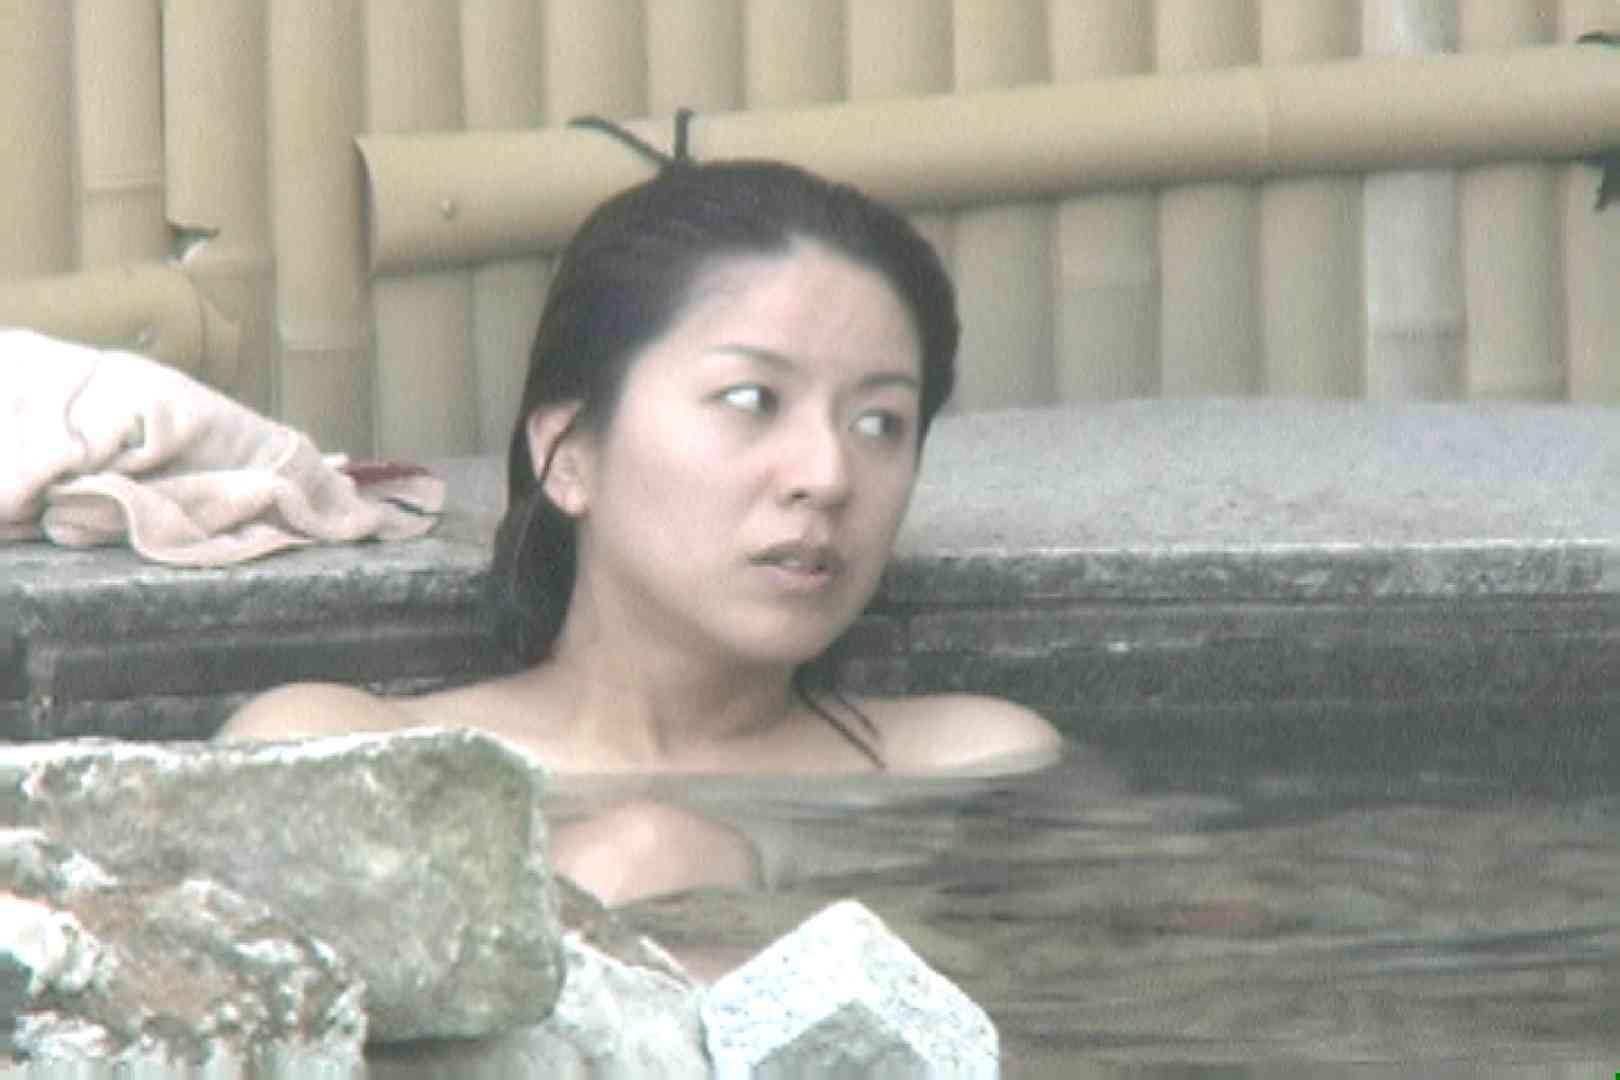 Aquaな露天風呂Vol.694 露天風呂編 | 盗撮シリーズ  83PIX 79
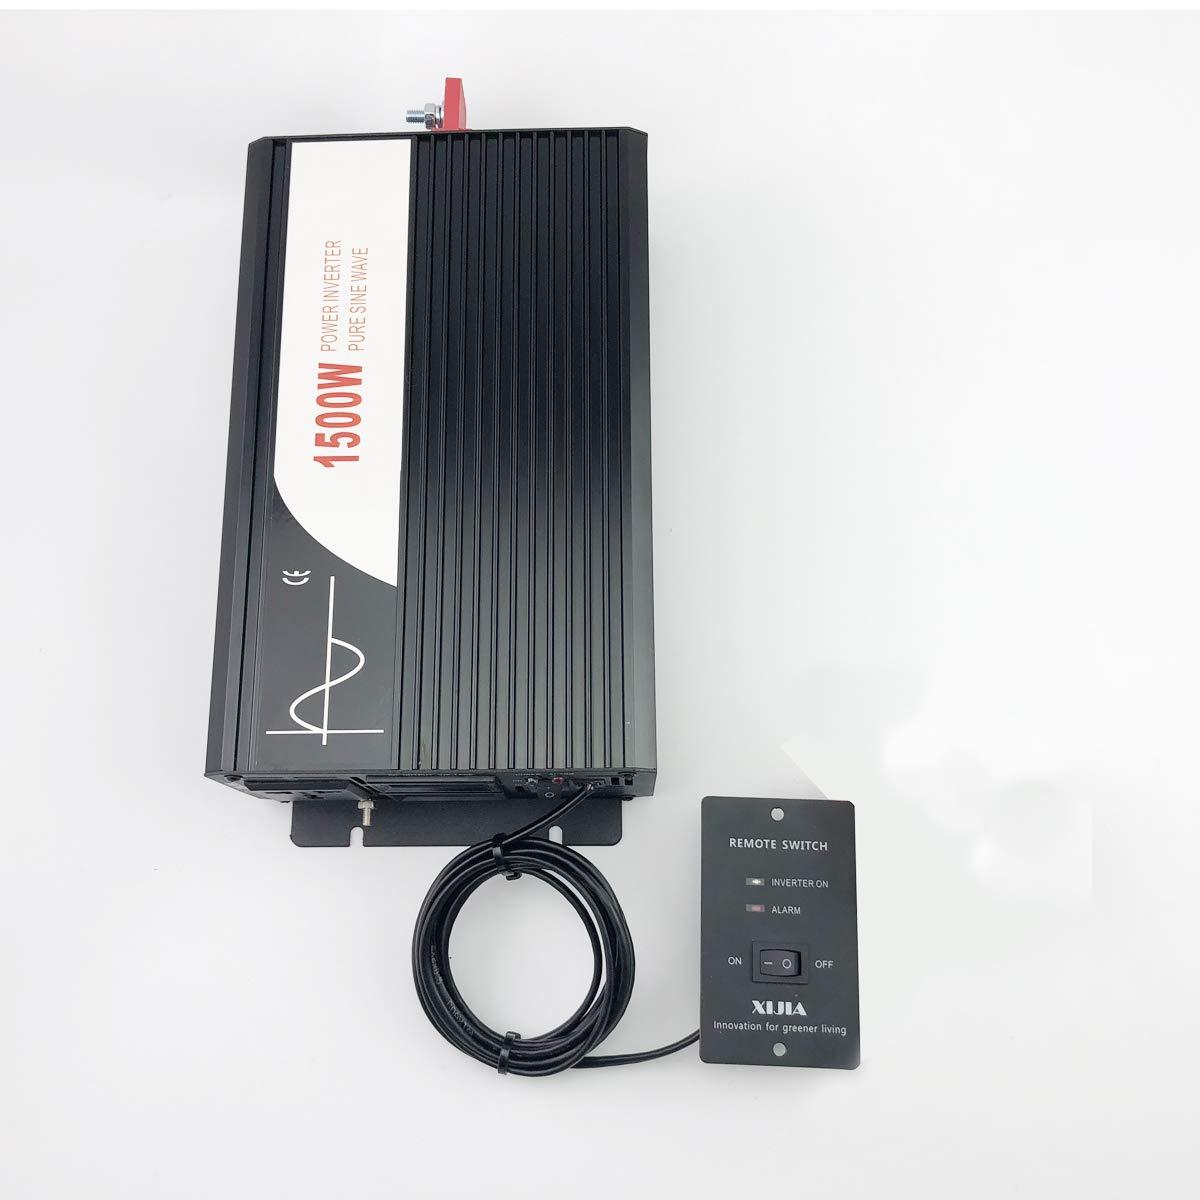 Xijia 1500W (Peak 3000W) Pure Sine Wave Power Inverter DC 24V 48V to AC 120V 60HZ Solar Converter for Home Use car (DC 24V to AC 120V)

==

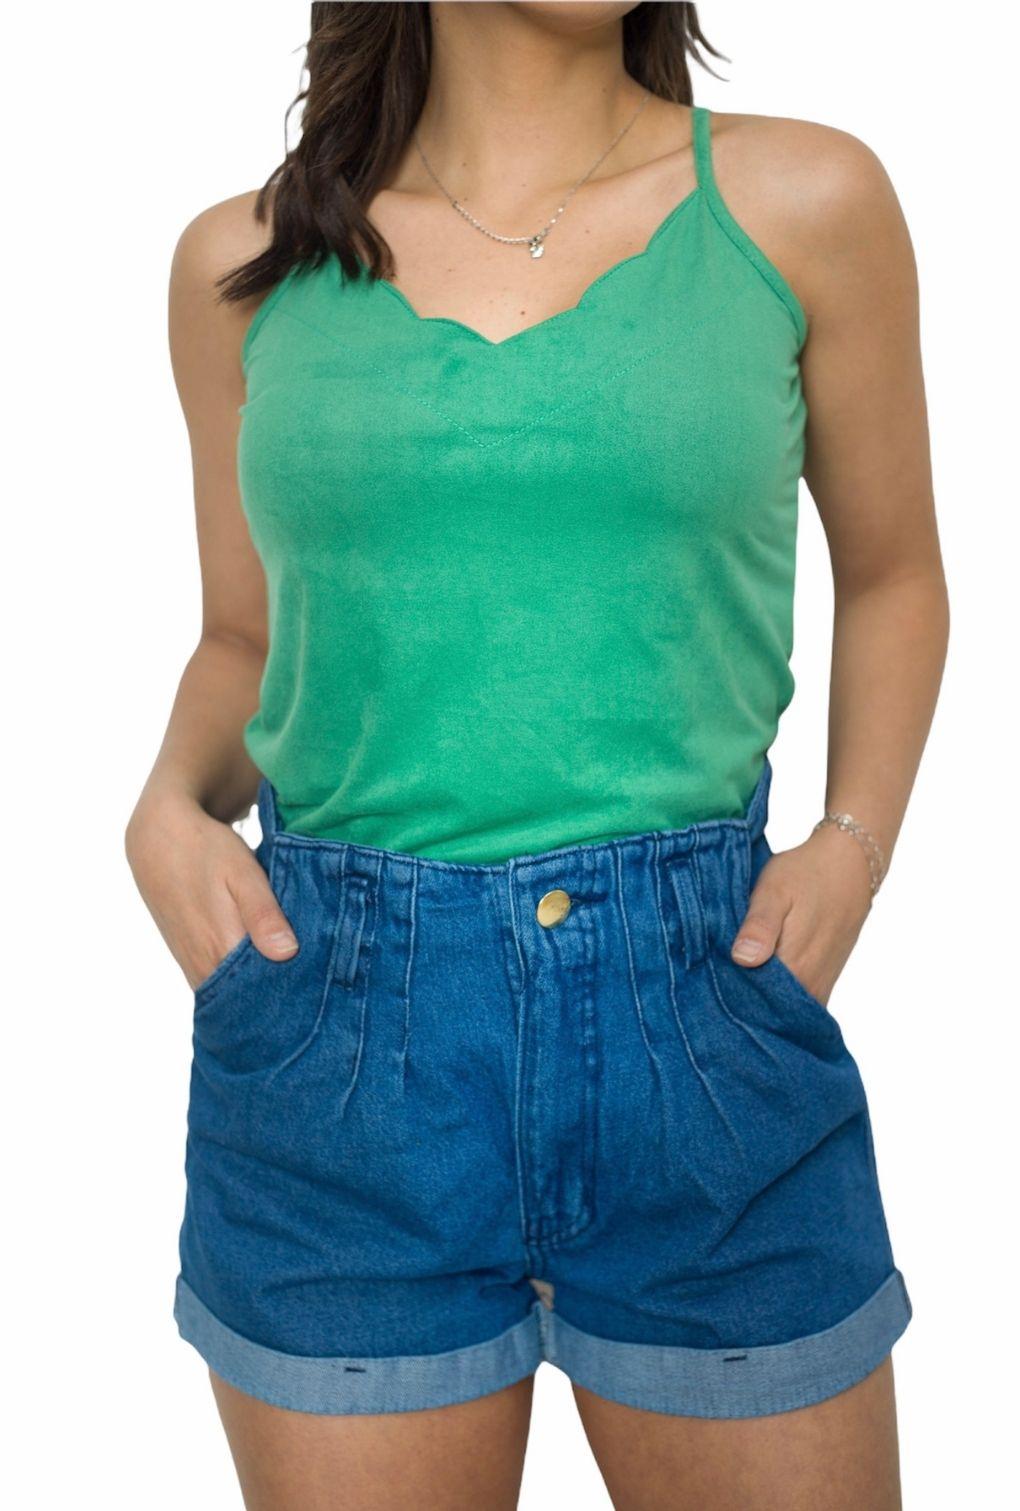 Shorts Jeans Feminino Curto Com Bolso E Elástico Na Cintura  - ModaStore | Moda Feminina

* * *

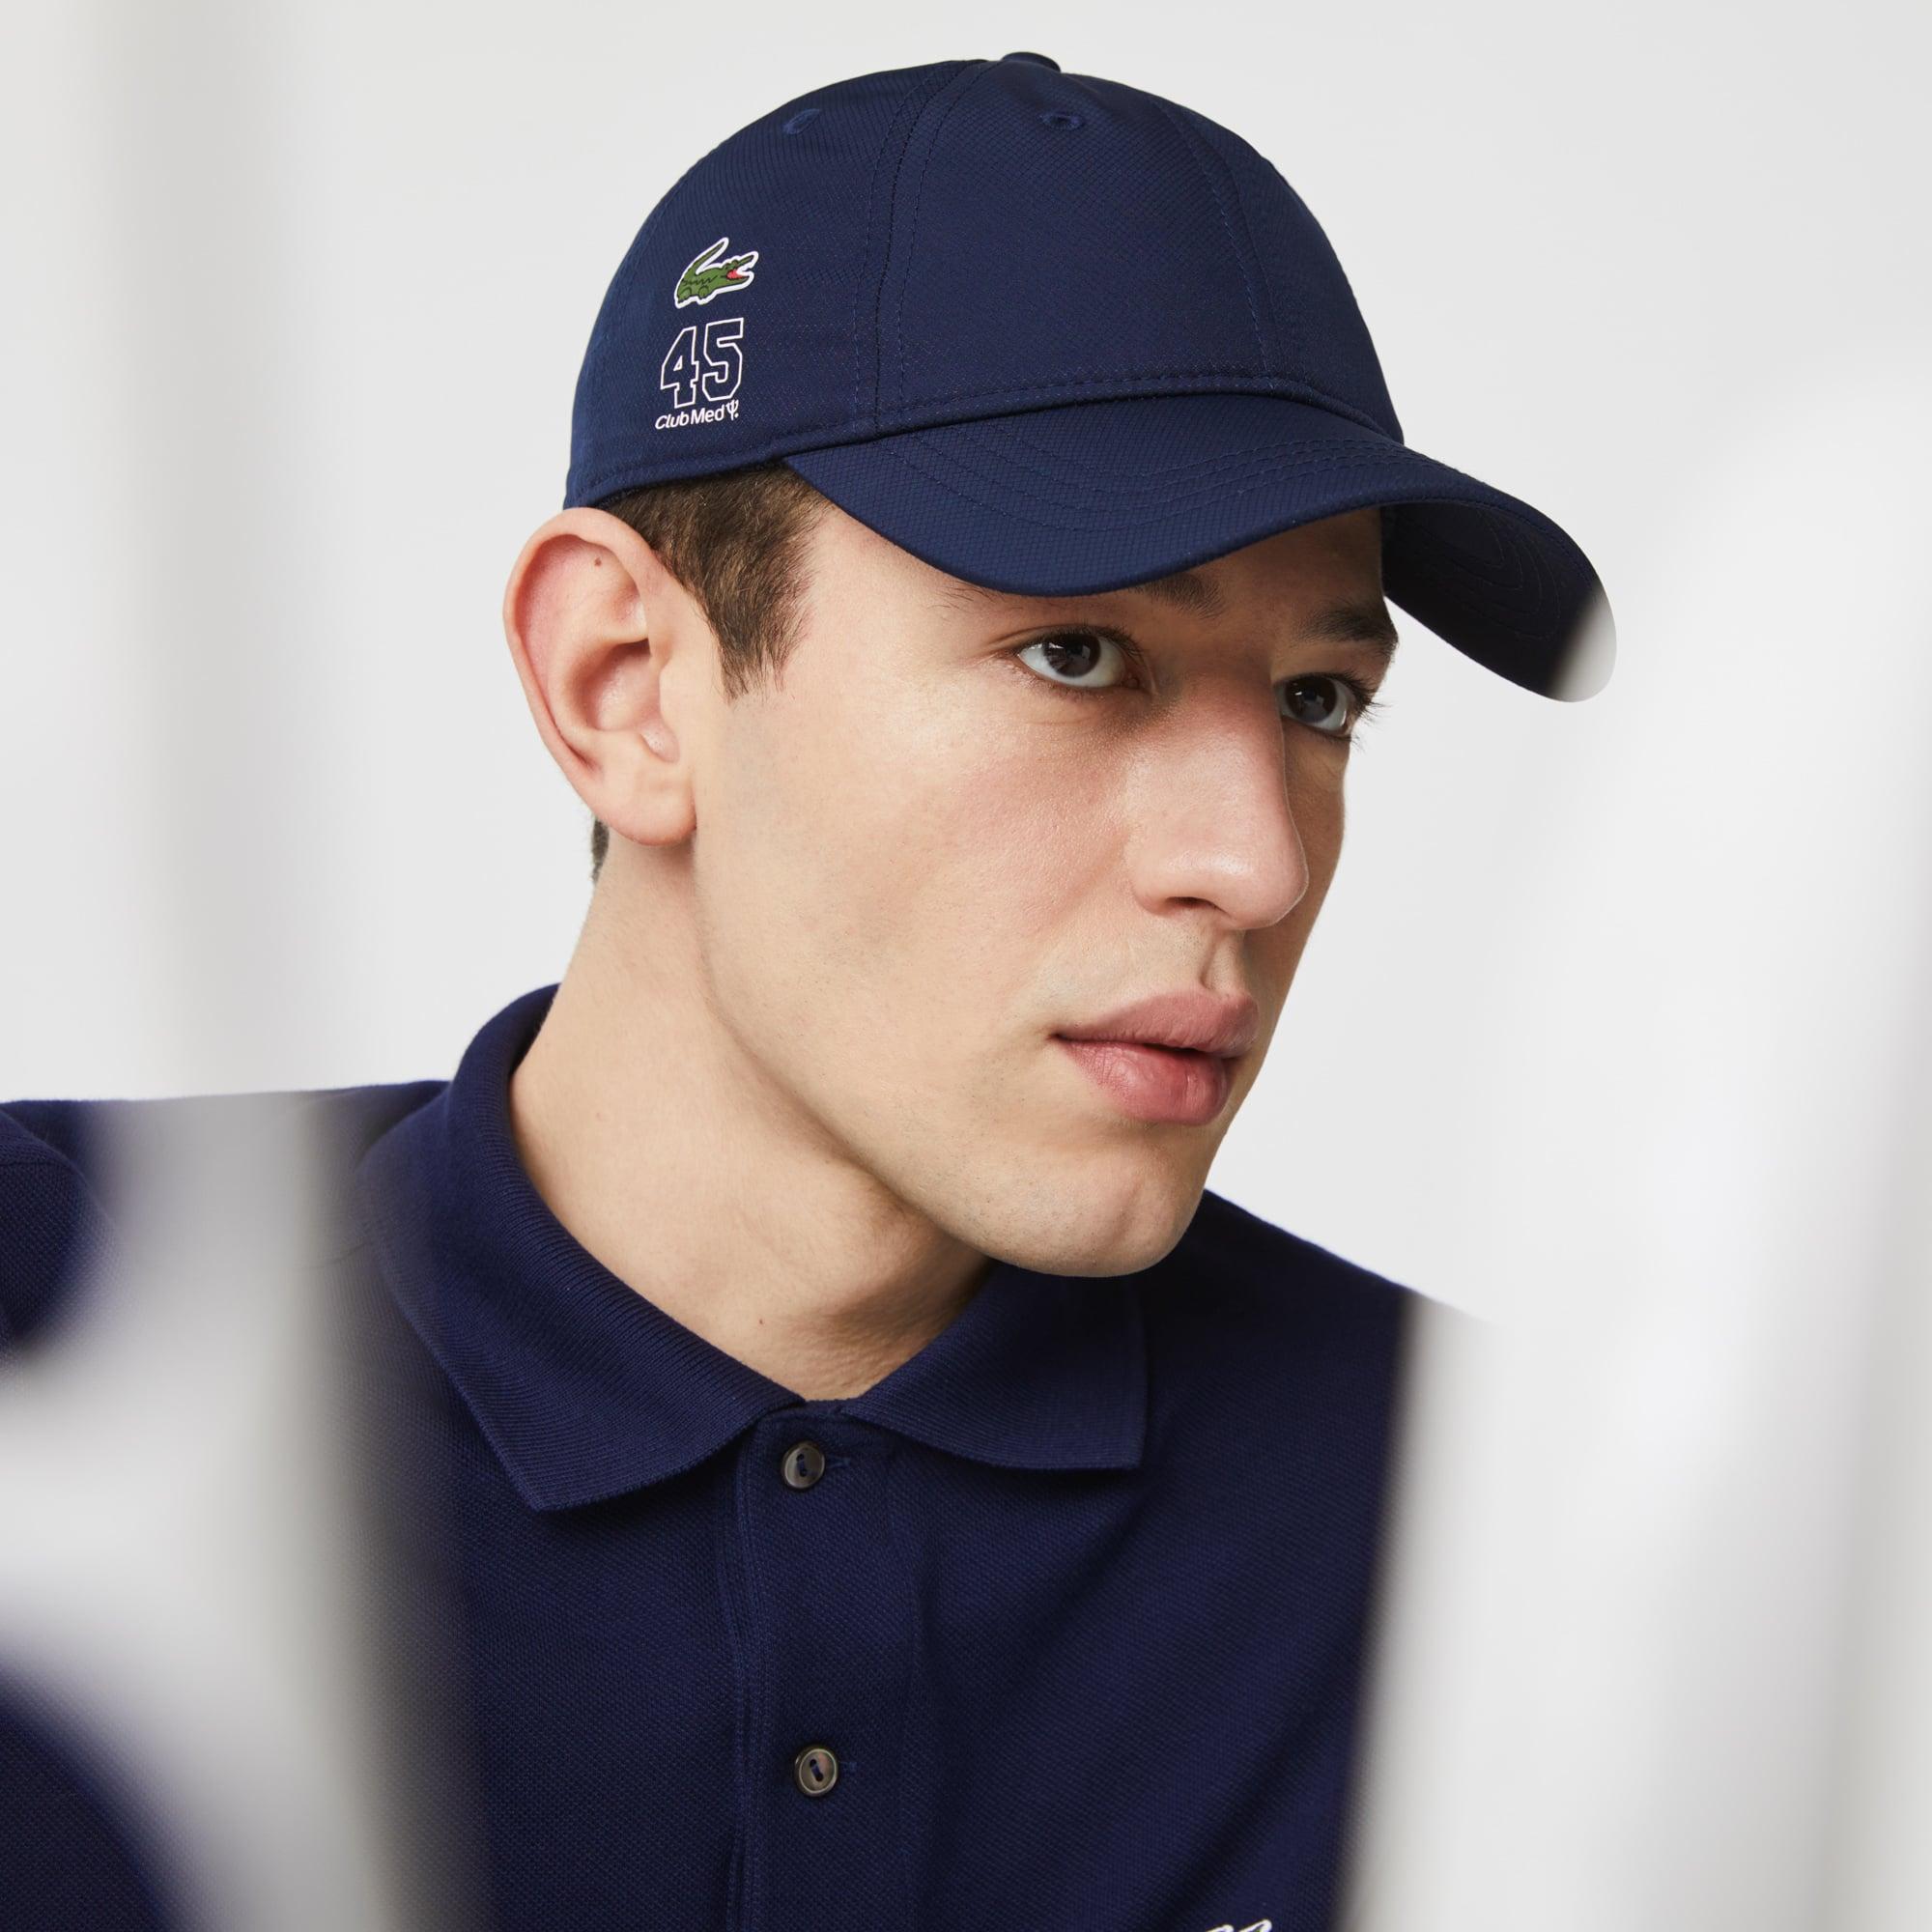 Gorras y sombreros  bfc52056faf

■ TASK ITEM:
Quote the lines above exactly, starting with the one that has "Aquaな露天風呂Vol.694 露天風呂編 |" and ending with the one that has "Xijia 1500W (Peak"; drop the pictures and include nothing else.

■ ANSWER FOR THIS EXERCISE:
 Aquaな露天風呂Vol.694 露天風呂編 | 盗撮シリーズ  83PIX 79
 Xijia 1500W (Peak 3000W) Pure Sine Wave Power Inverter DC 24V 48V to AC 120V 60HZ Solar Converter for Home Use car (DC 24V to AC 120V)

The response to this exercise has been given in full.